Sobre la caza del moro

Estoy sentado frente a un ordenador, a 442 kilómetros de Torre Pacheco (Murcia). Allí, hace 24 horas, comenzó la «caza al moro« tras una supuesta paliza propinada por dos inmigrantes a un local. La distancia (también en el lenguaje) sirve para entender por qué alguna vez llegamos a estar juntos, y hoy, en un municipio de 40.000 habitantes, todo es distancia, una excusa para convertir al extranjero —fuente de invisible de trabajo e ingresos — en blanco, para legitimar a un grupo de nazis a impartir justicia. Otra vez el odio partidista y el victimismo autóctono evitando desviarse del plan trazado: un país, una lengua, una raza… tres mentiras. El colapso cívico viene de dentro, nunca de otras latitudes.

Da igual las veces que se insista en la ausencia de correlación entre delincuencia e inmigrantes. La realidad va de creencias ligadas a una percepción, la de cada uno, infinitas, tantas como bulos se lanzan desde las redes y la tribuna. ¿Desde cuándo los nazis sirven para garantizar la ley y el orden? 14 kilómetros de agua separan Tarifa de Cires, un mundo debería separarnos de aquellos que piden la cabeza de los moros. Allí donde no llega el Estado, llegará un patriota. Y si el Estado llega tarde, entonces justicia y venganza son intercambiables. Más mentiras.

Termino de escribir. Apago la pantalla. Fondo negro. Miro mi reflejo blanco y mortecino. Voy a la cocina. Abro la nevera y saco unos cogollos de lechuga. Origen: Murcia. Pienso en la frase de Galeano: «El racismo no nació del color de la piel, sino del interés económico que justificó la esclavitud». La inteligencia sirve para muchas cosas, también para apuntar que el problema de España, y por lo tanto del mundo, es la ignorancia; nosotros no somos nosotros, somos los otros; el miedo, el muro separándonos; vecinos de Madrid y Torre Pacheco, blancos, miradas, mentiras, negros, una distancia irredimible que, en realidad, no existe.

Cosas nazis

El chico de barrio aficionado al fútbol, el hijo del relojero… cualquiera puede ser nazi. Porque un nazi es el que hace cosas nazis, es decir, aquel que ejerce la banalidad de la violencia. Basta con subirse al escenario y pegarle una hostia al cómico de turno, amenazar a un escritor que firma ejemplares en su caseta o reírse al presenciar la escena. Nada extraordinario, nada alejado de las múltiples manifestaciones con las que el mal nos pervierte cada mañana. Aquí no hay un culto a la estética ni minorías perseguidas. Cualquiera puede ser el objetivo porque el nazismo gana el juego de la democracia con defectos. Ellos están por todas partes, pero nadie parece verlos. ¿Quiénes son ellos? Nazis que ejercen el terror físico contra el individuo y las masas.
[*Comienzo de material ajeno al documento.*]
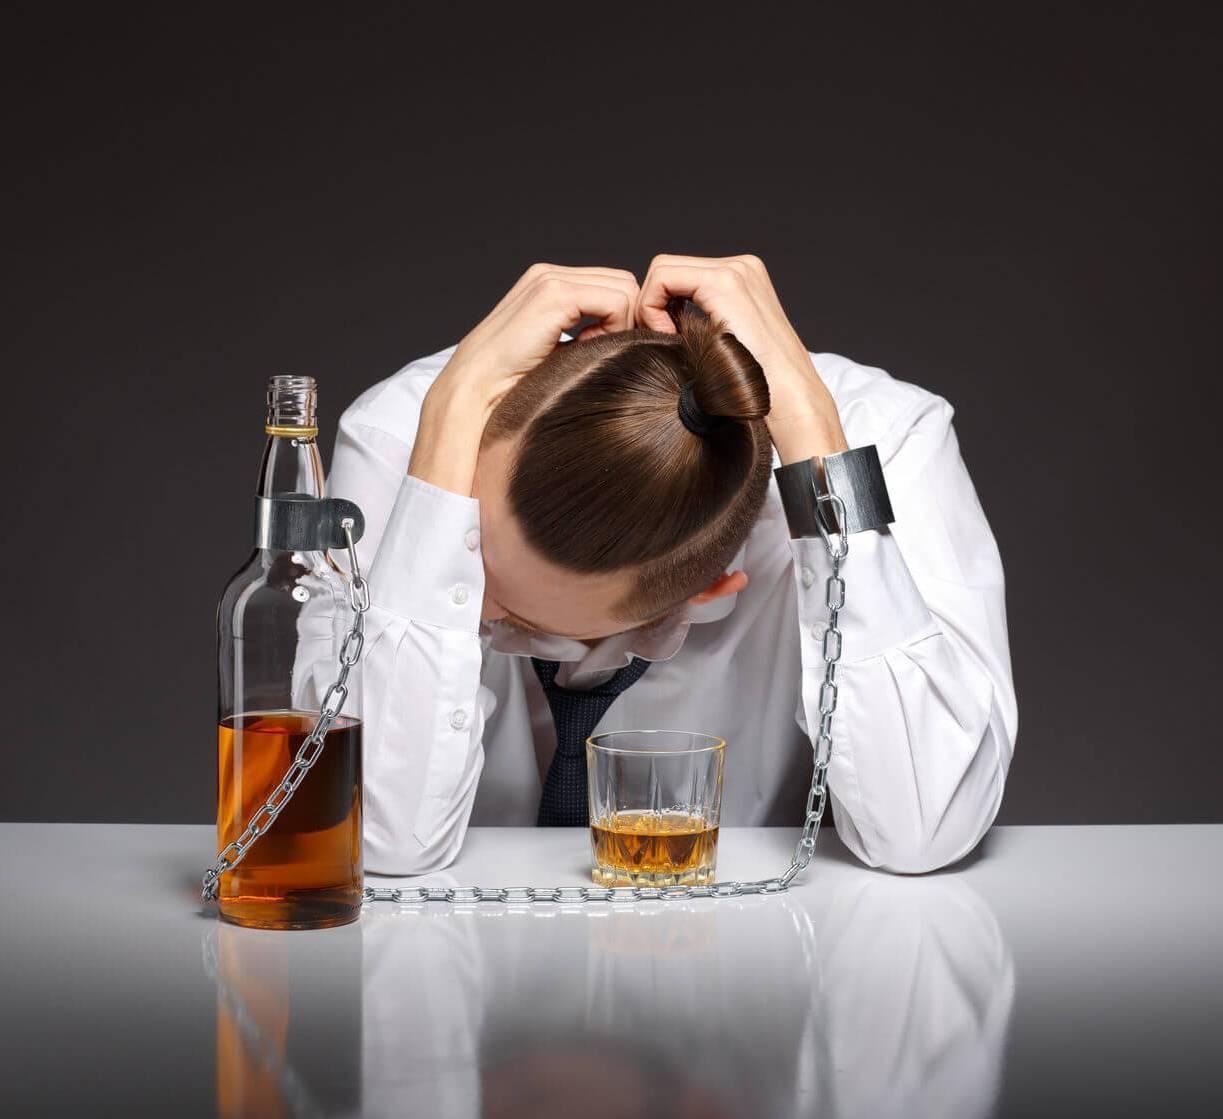 Кодирование от алкоголизма в самаре анонимно по цене от 4000 руб: довженко, торпедо, эспераль

Suele ser habitual que, cada vez que un nazi actúa, la respuesta de las autoridades sea tibia. «Vamos, circulen», dice el policía indolente mientras el nazi se aleja sin pensar en hacer el bien o el mal. Desde fuera percibimos la asimetría con la que se reacciona ante este tipo de conductas. Nazis intocables, nazis en las instituciones, nazis marcando los tiempos de la calle, nazis. Frente a la inacción, los ciudadanos recurren al señalamiento y la denuncia en redes. Debemos equiparar la palabra nazi al «¡fuego, fuego!», utilizar el dedo como arma. De lo contrario, ganará el matón.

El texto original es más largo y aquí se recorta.